TASK DETAILS: Pictures in the listing below are skipped, while the lines from the "THOM BROWNE Straight" line through the "Cute Baby Wallpapers: Baby Riding Cycle" line are returned word for word.

PROVIDED INFORMATION:
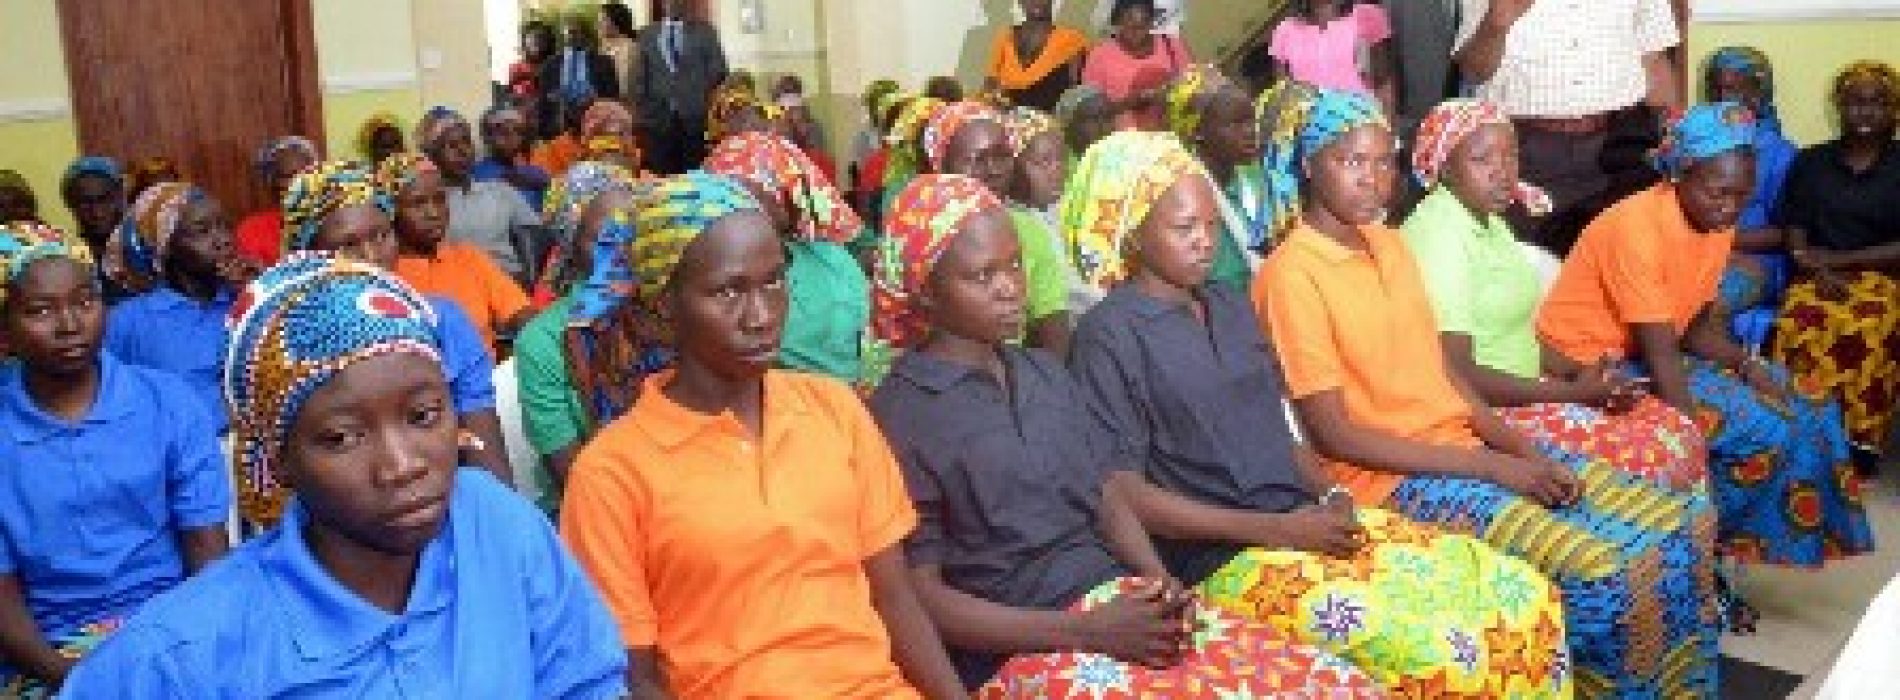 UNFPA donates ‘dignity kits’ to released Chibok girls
==
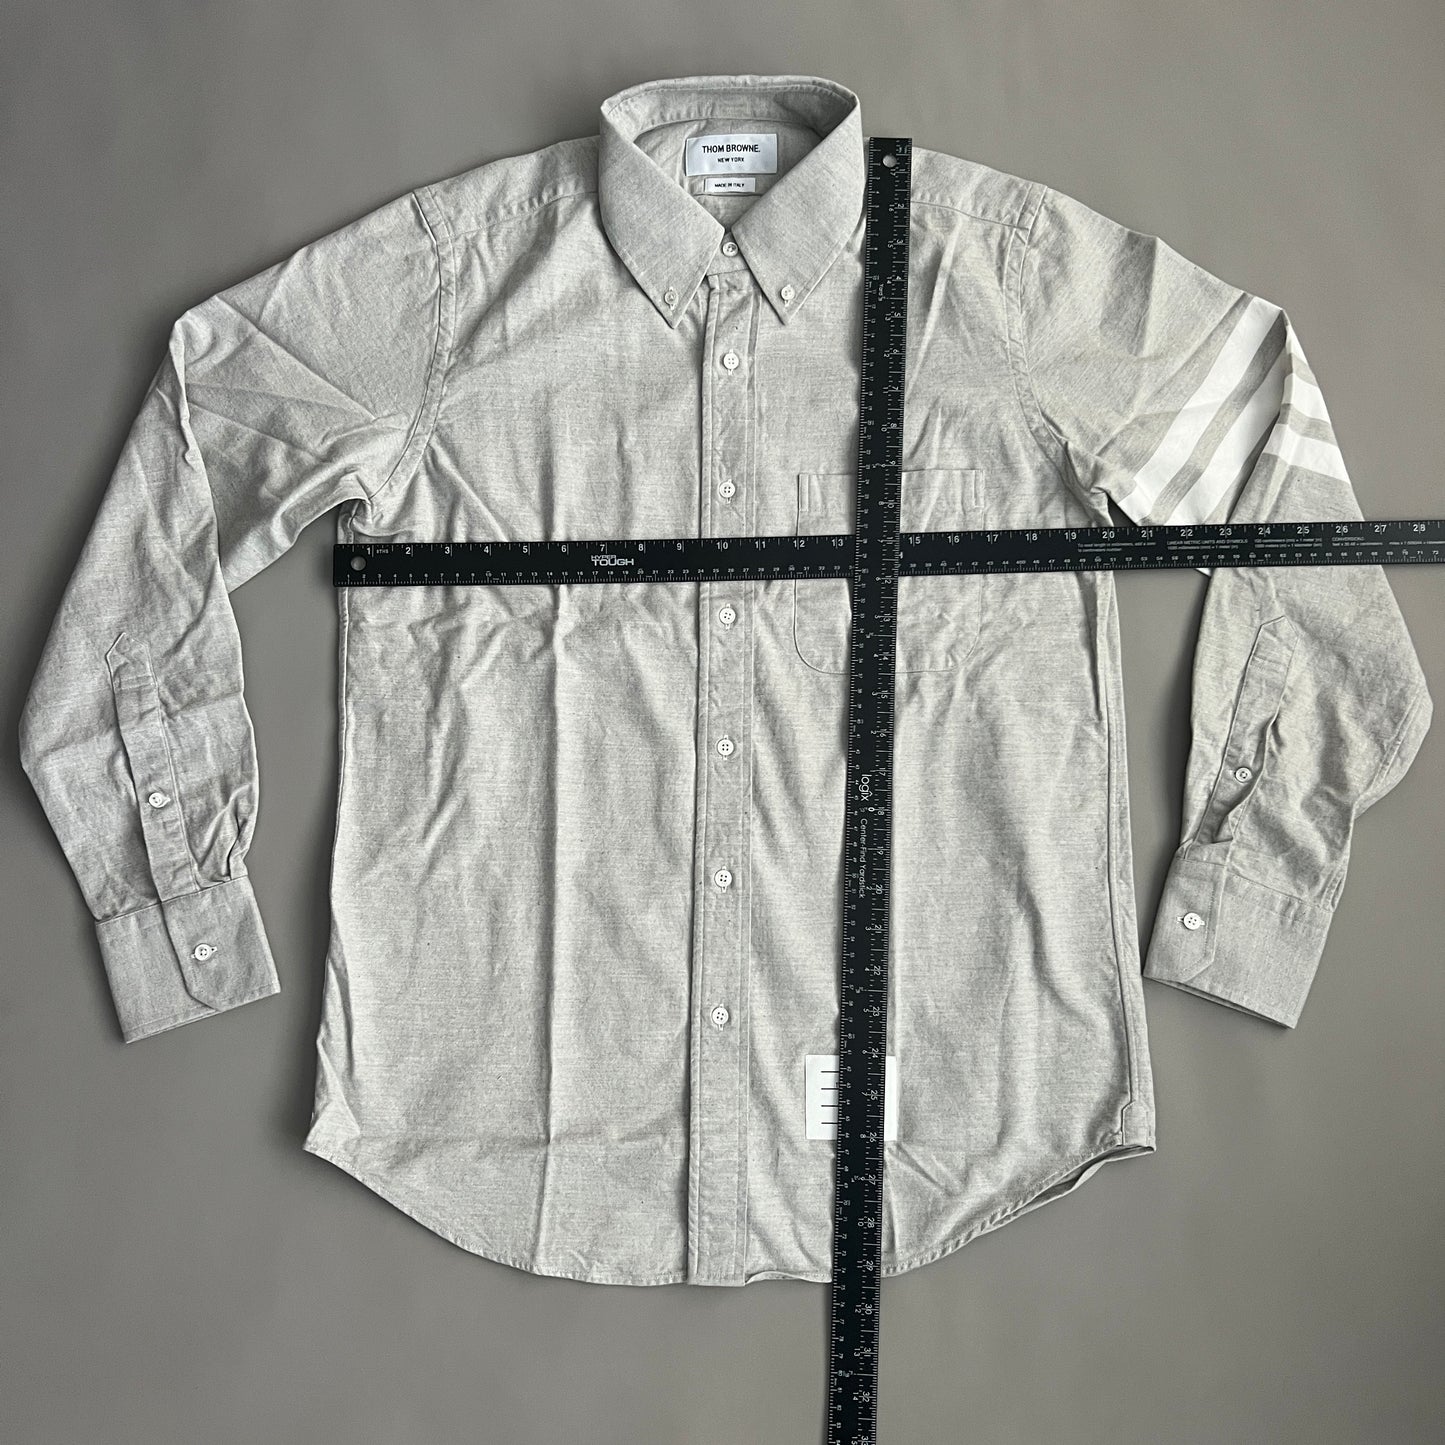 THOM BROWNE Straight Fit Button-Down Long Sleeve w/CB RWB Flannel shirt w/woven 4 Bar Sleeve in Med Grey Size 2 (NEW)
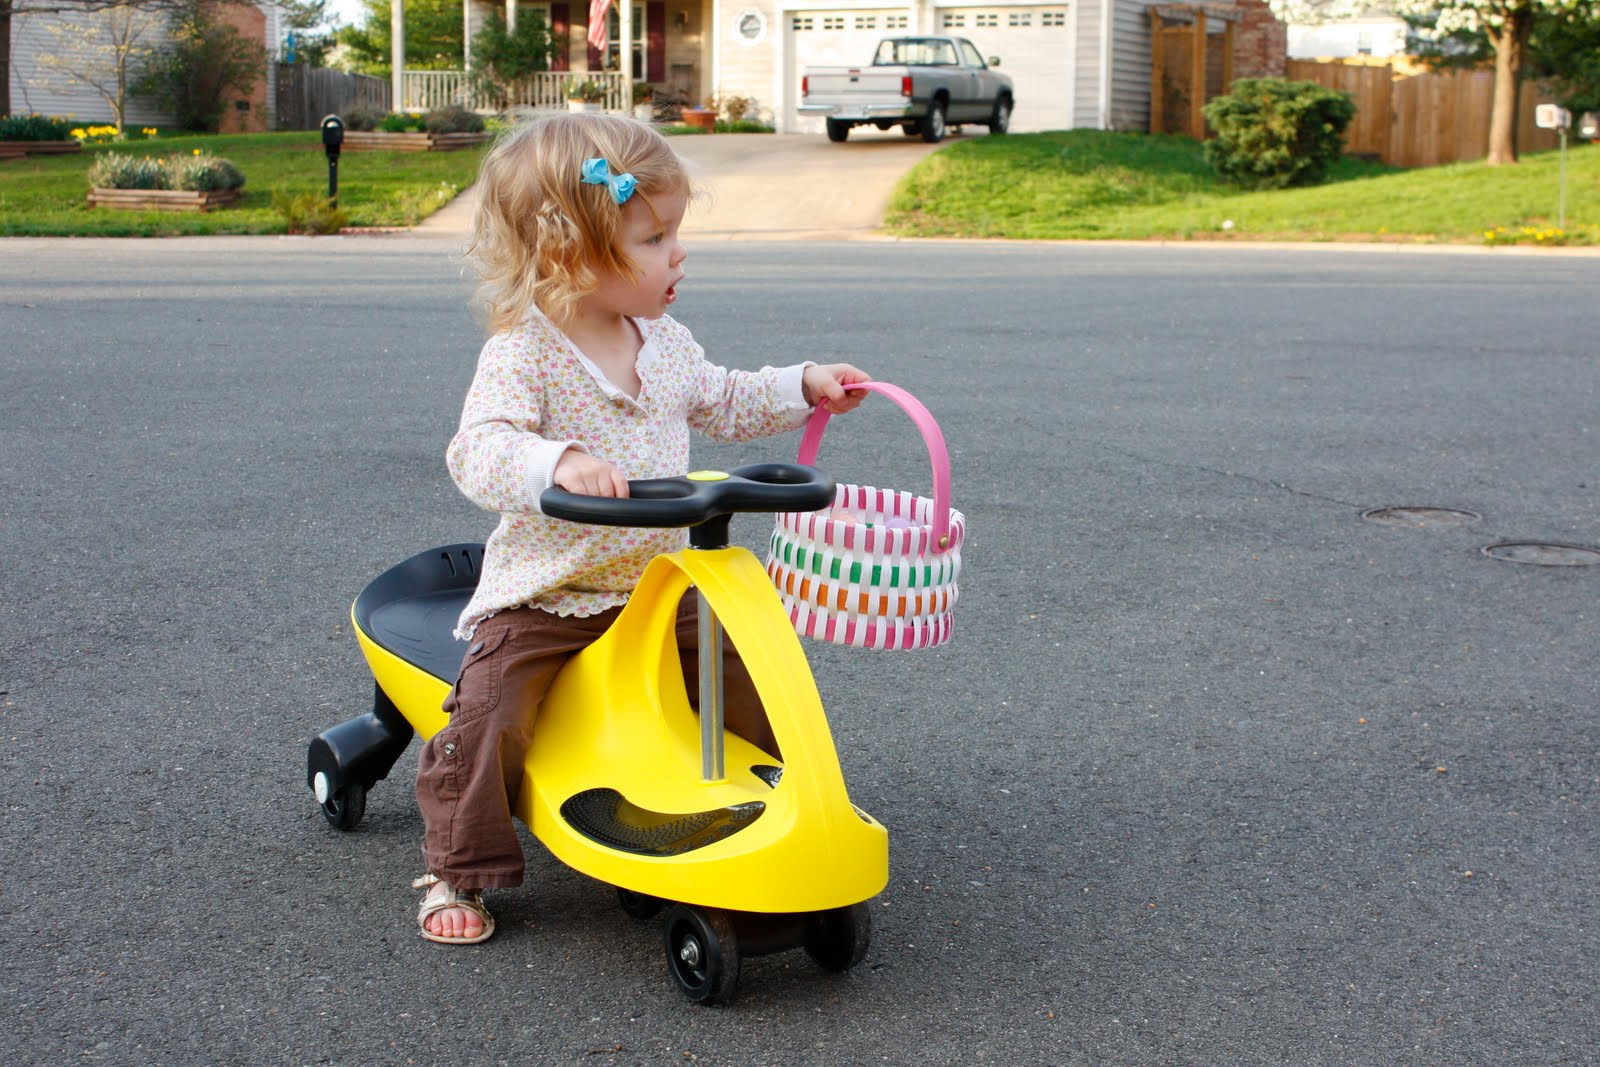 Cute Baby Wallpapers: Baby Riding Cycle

RESULT FOR THIS TASK:
 THOM BROWNE Straight Fit Button-Down Long Sleeve w/CB RWB Flannel shirt w/woven 4 Bar Sleeve in Med Grey Size 2 (NEW)
 Cute Baby Wallpapers: Baby Riding Cycle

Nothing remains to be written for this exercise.